PROBLEM DETAILS => Locate the line containing "Snoozebag Twin Pack" in the material below. Copy that line and all following lines through the end exactly, omitting any pictures.

SUPPLIED DATA =>
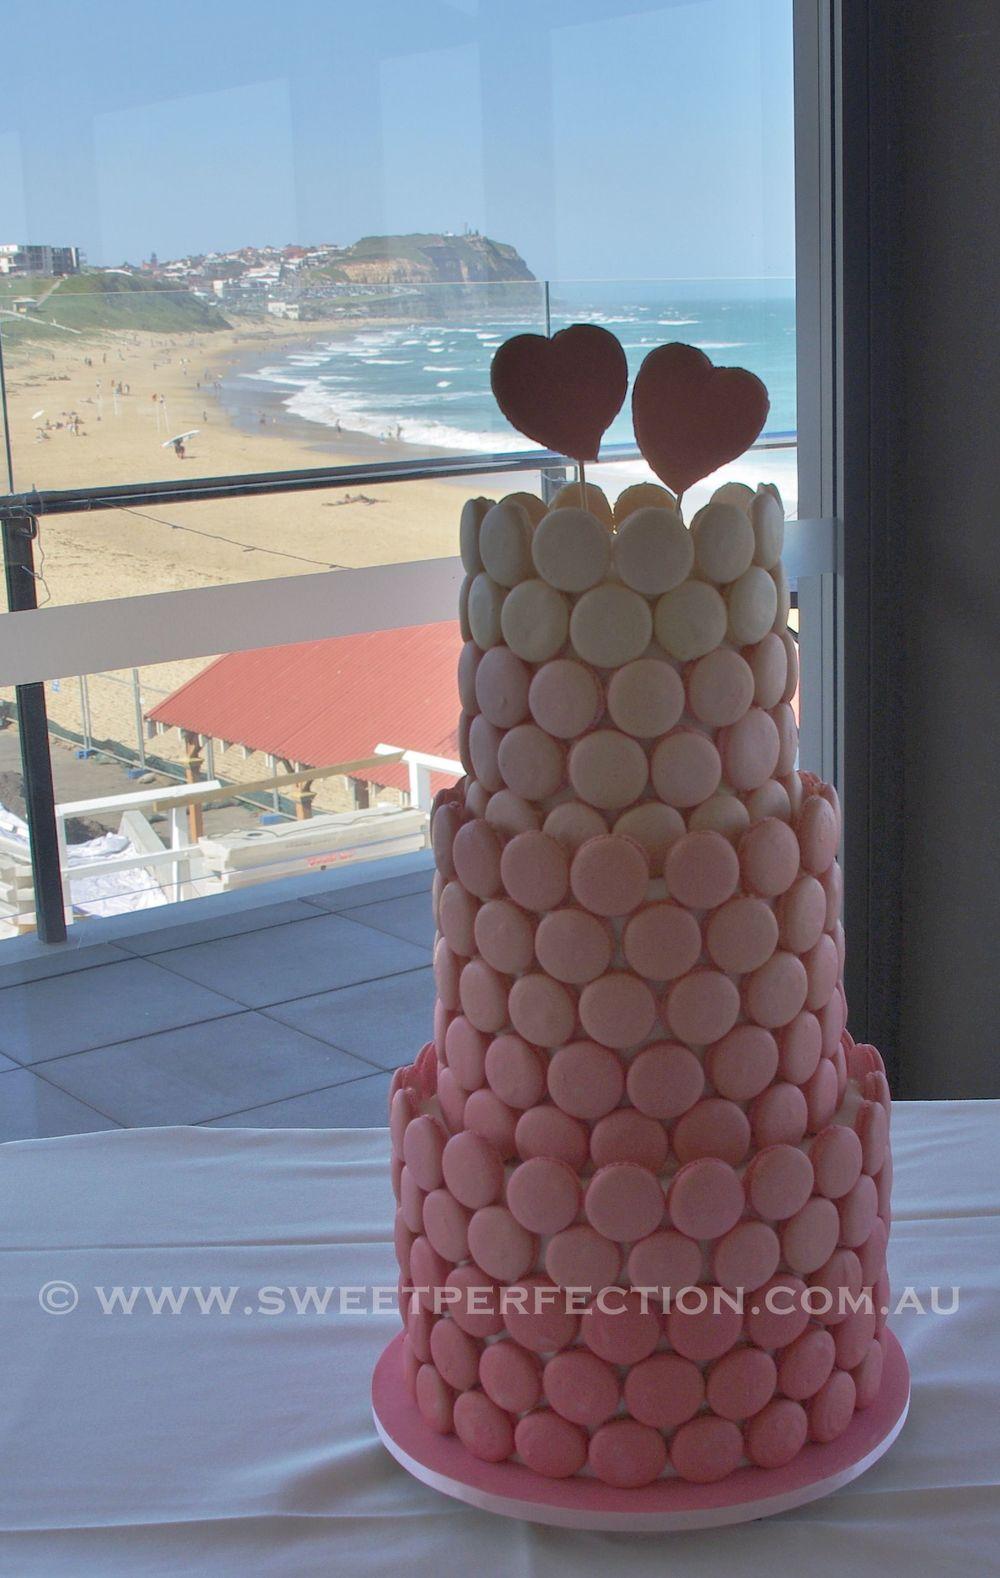 Beautiful weddings cakes in the beautiful city of Newcastle.
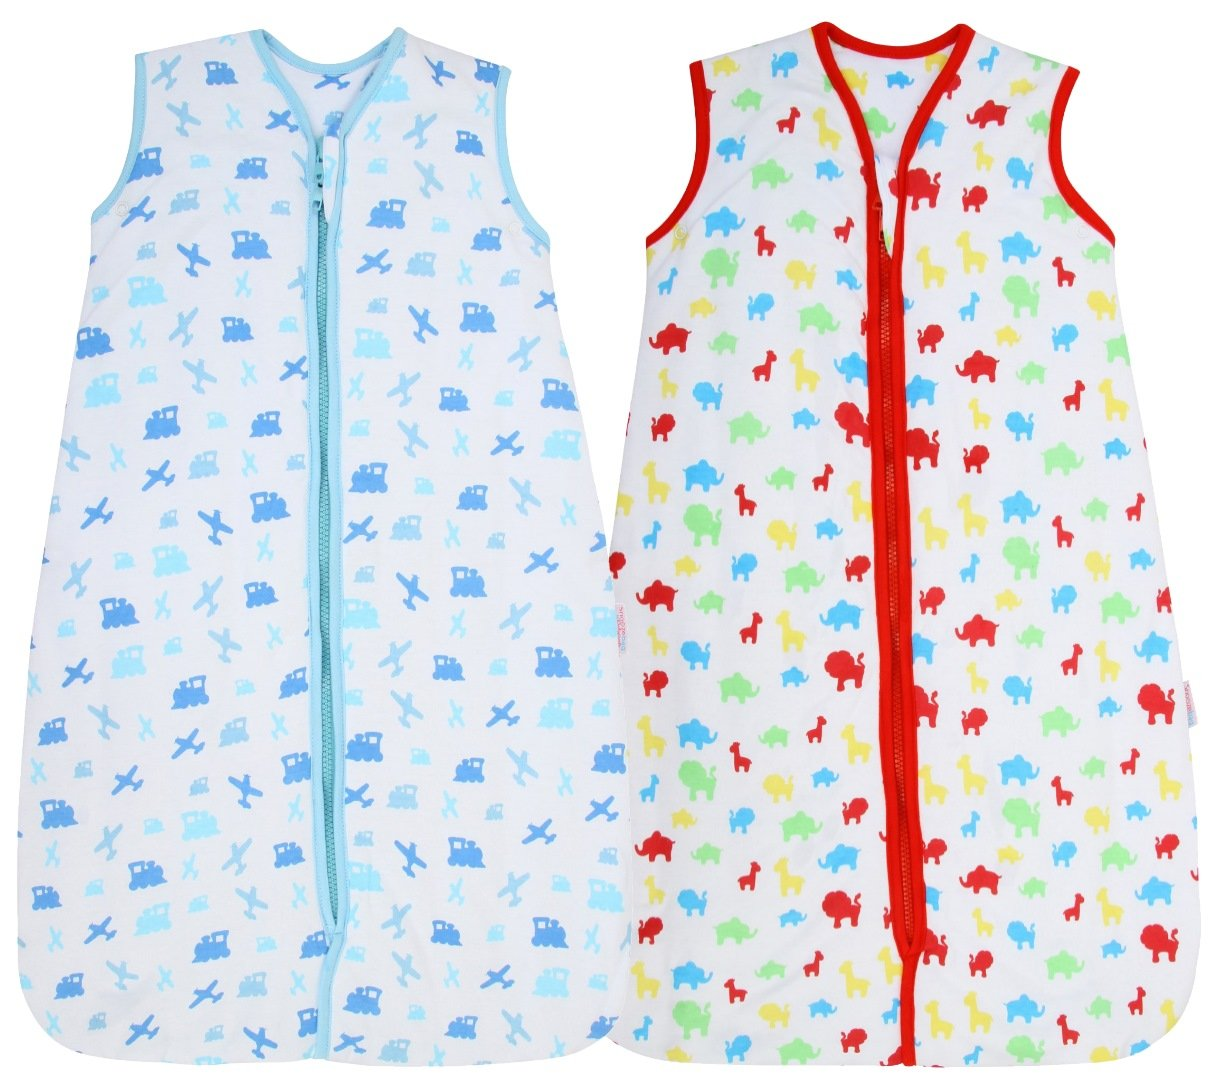 Snoozebag Twin Pack Planes & Trains + Jungle Fun 100% Cotton 2.5 Tog Boys Nursery Baby Sleeping Bag Multi-Coloured 18-36 Months (110cm) 2 pack Babycurls SB-TW-JN-BF
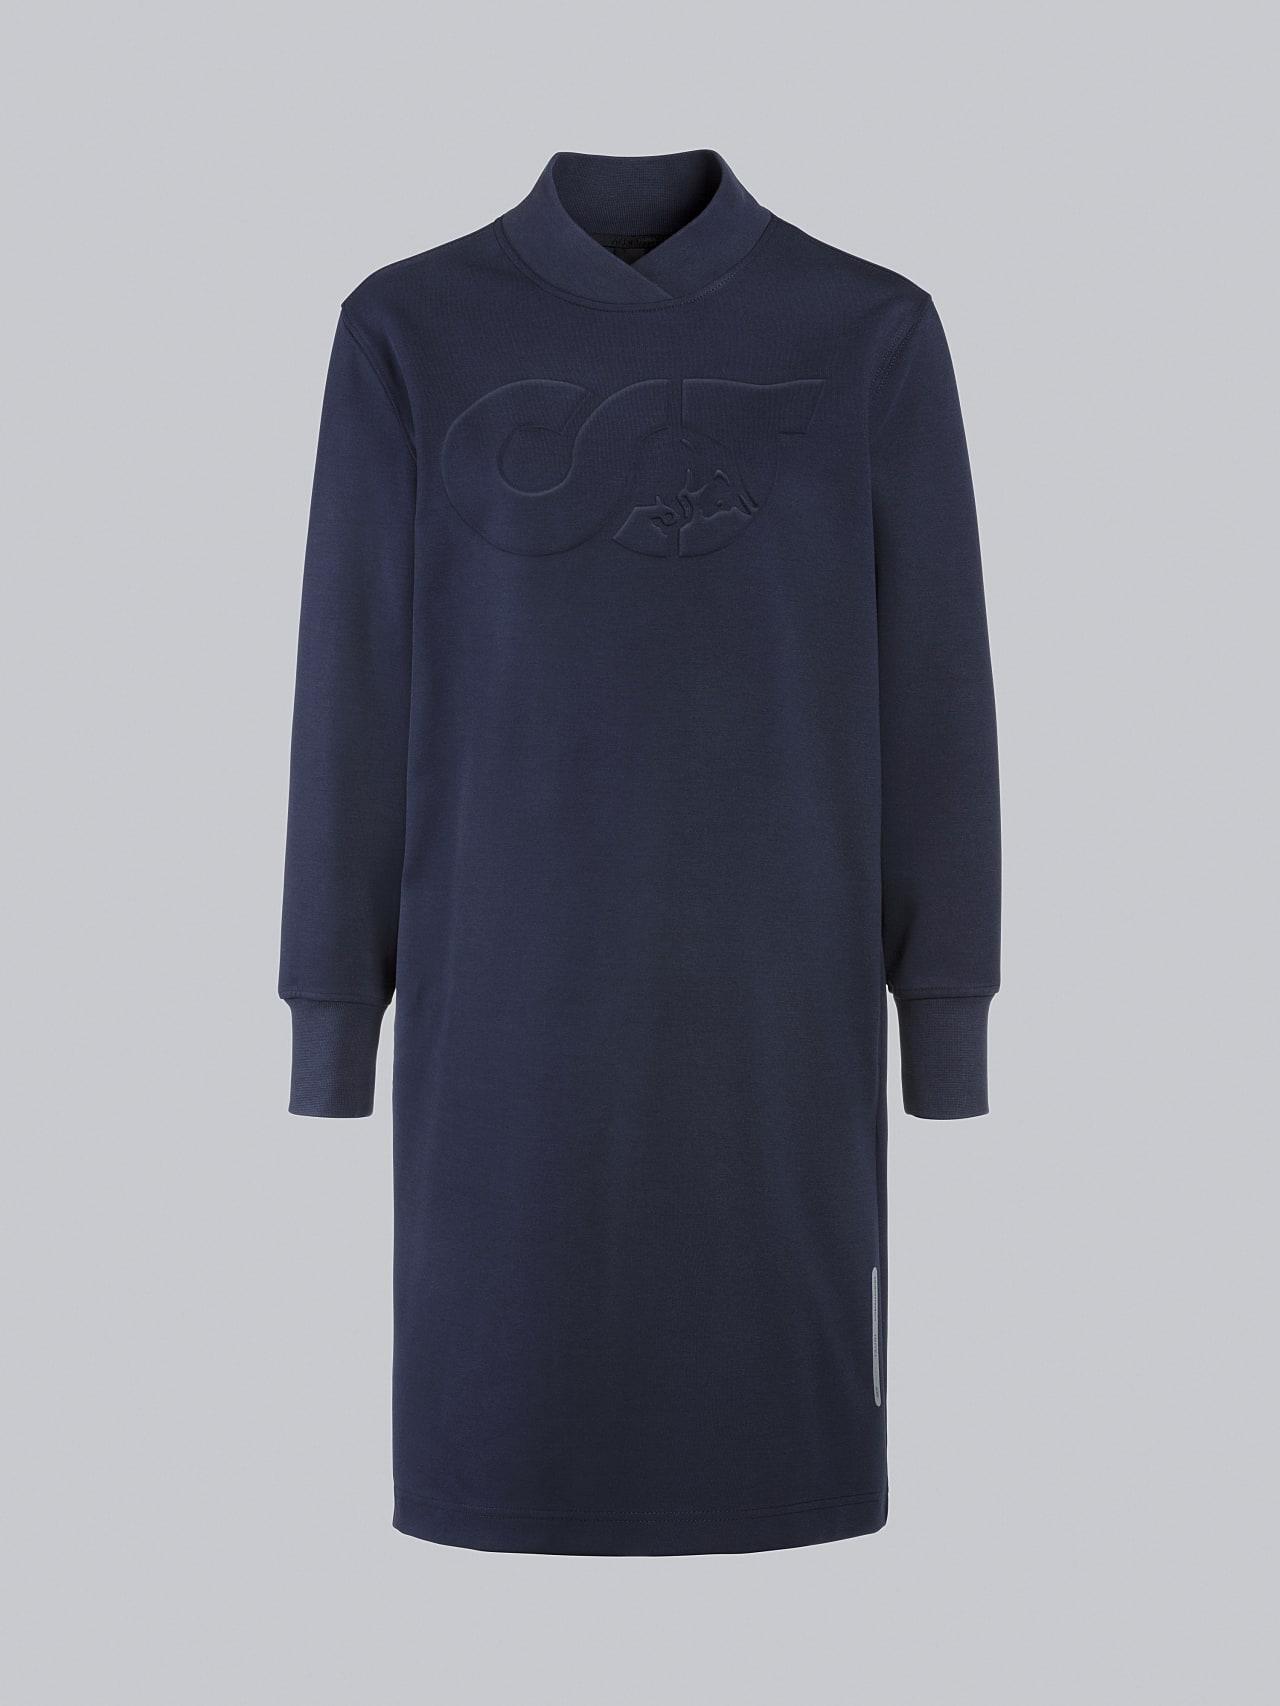 STAR V3.Y5.02 Premium Logo Sweater Dress navy Back Alpha Tauri
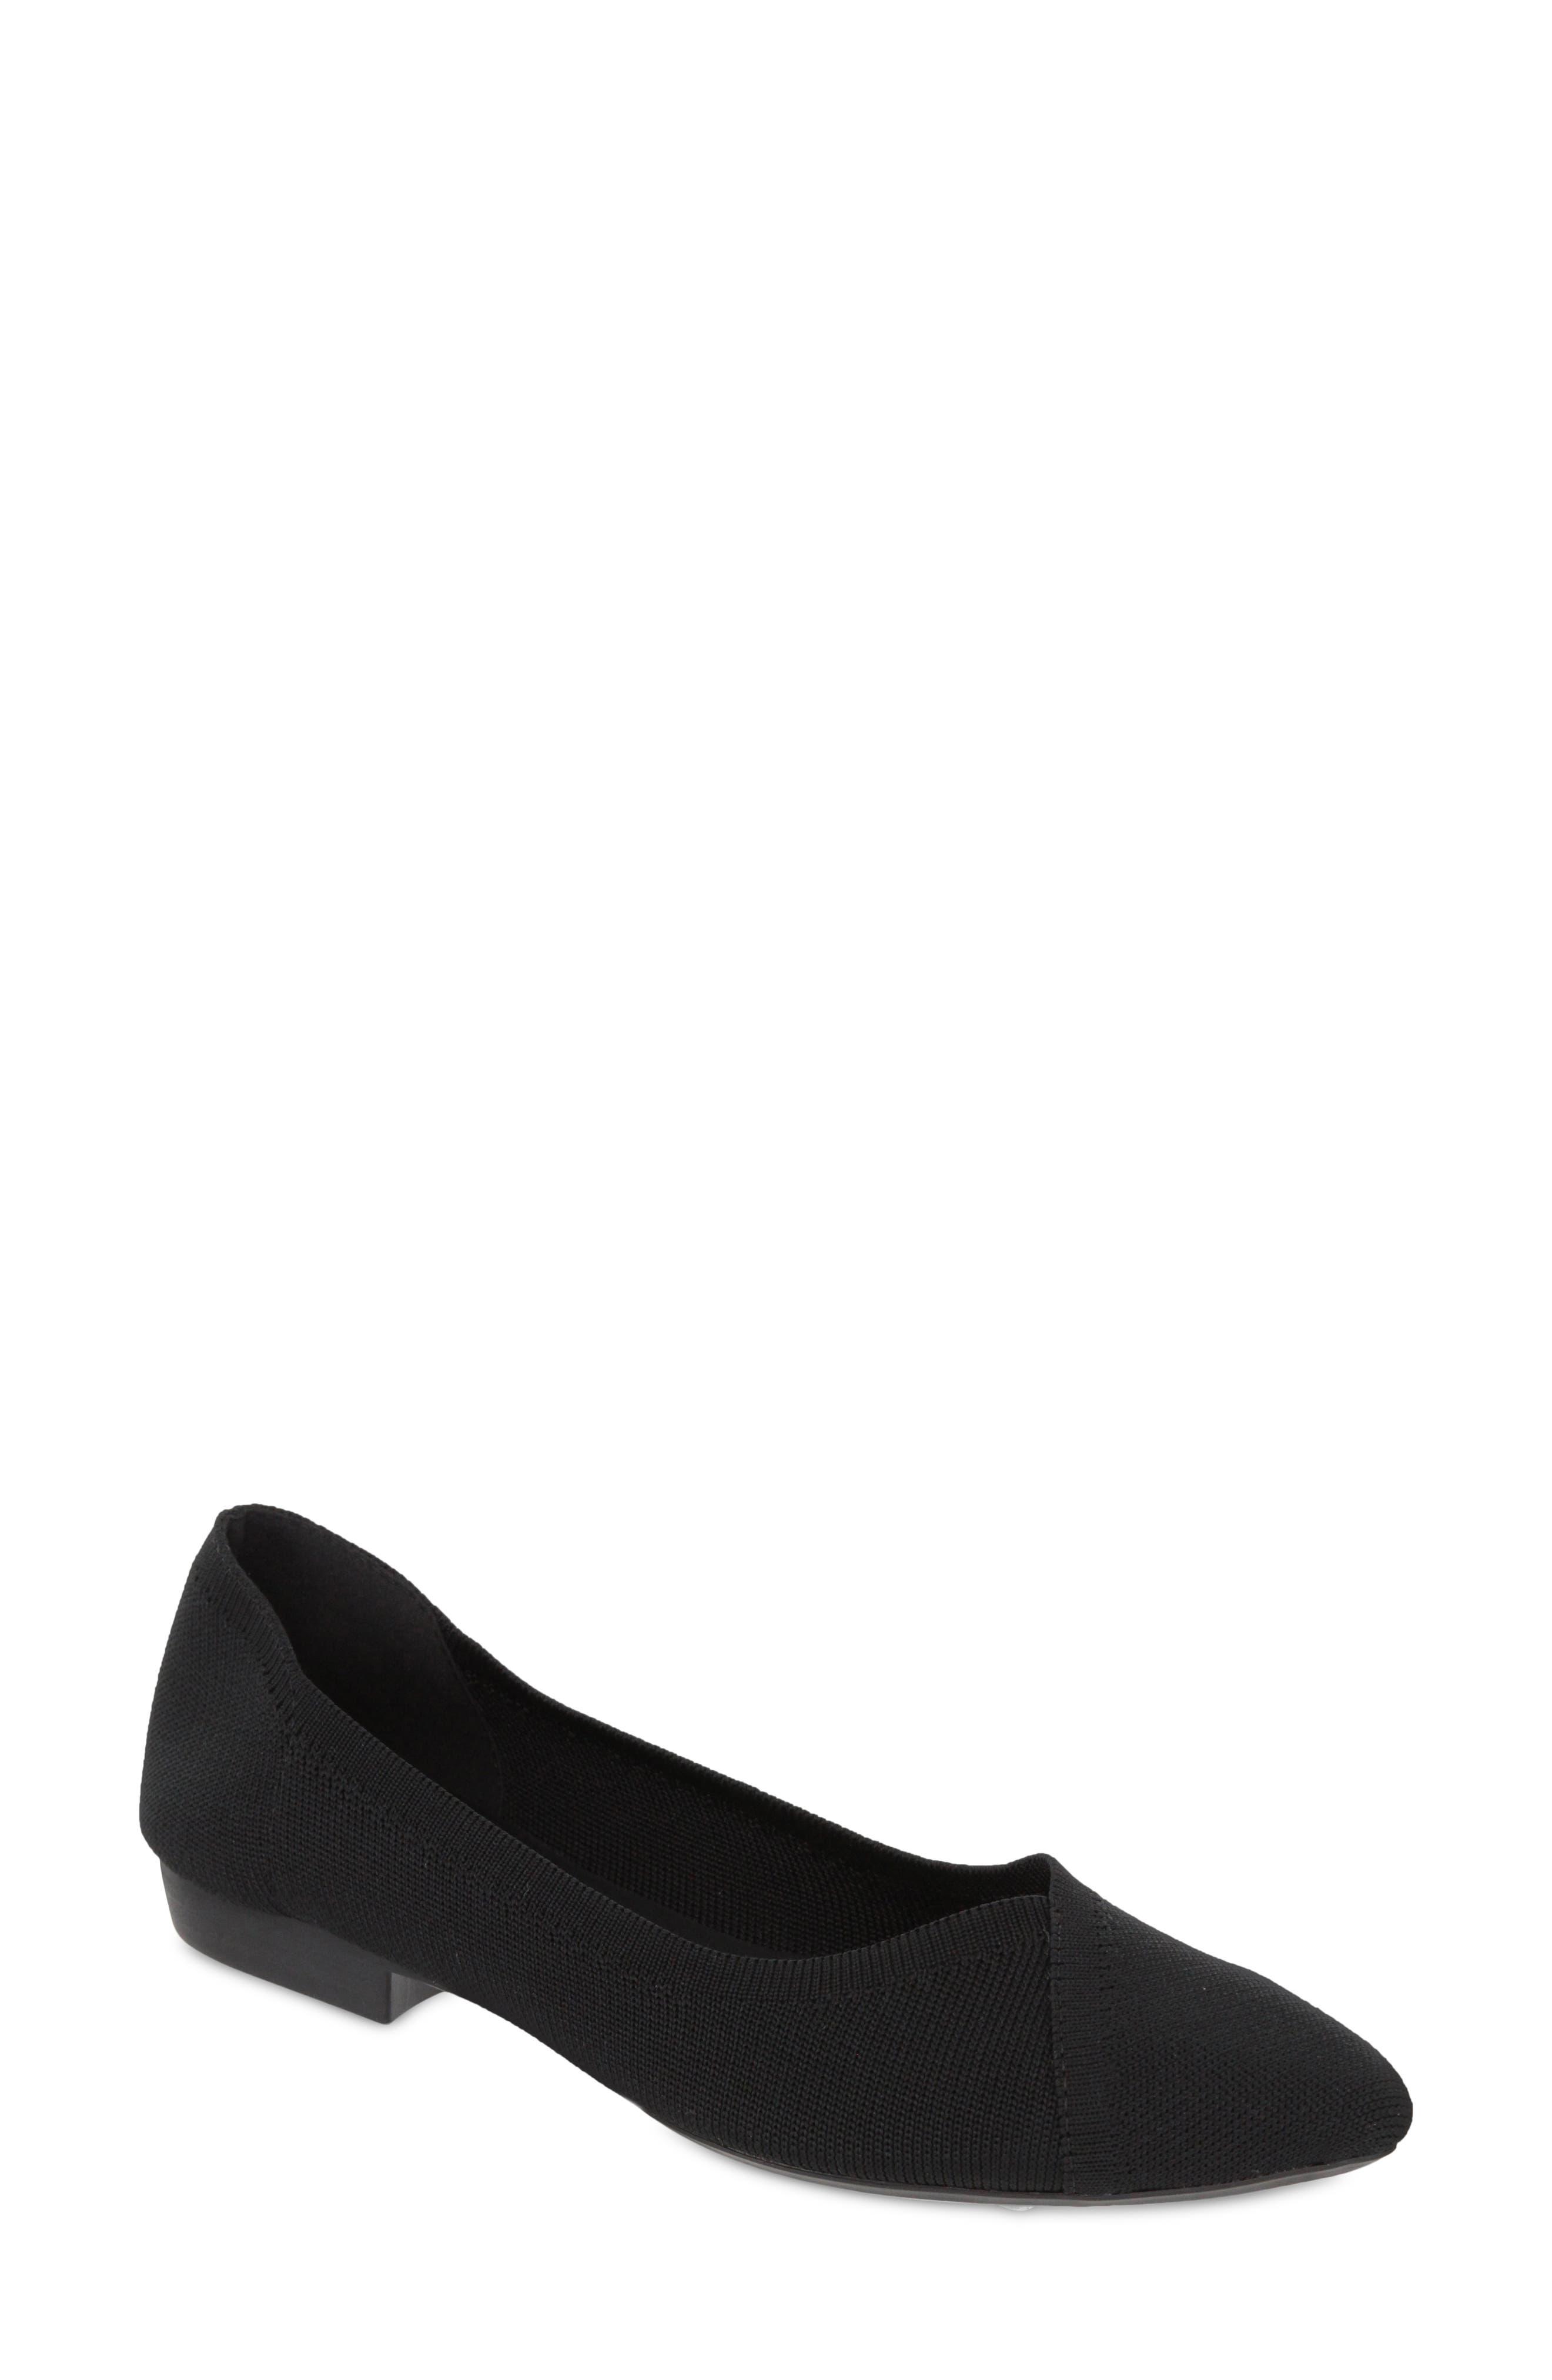 Jennette Pointed Toe Flat

WORKED SOLUTION =>
 Snoozebag Twin Pack Planes & Trains + Jungle Fun 100% Cotton 2.5 Tog Boys Nursery Baby Sleeping Bag Multi-Coloured 18-36 Months (110cm) 2 pack Babycurls SB-TW-JN-BF
 STAR V3.Y5.02 Premium Logo Sweater Dress navy Back Alpha Tauri
 Jennette Pointed Toe Flat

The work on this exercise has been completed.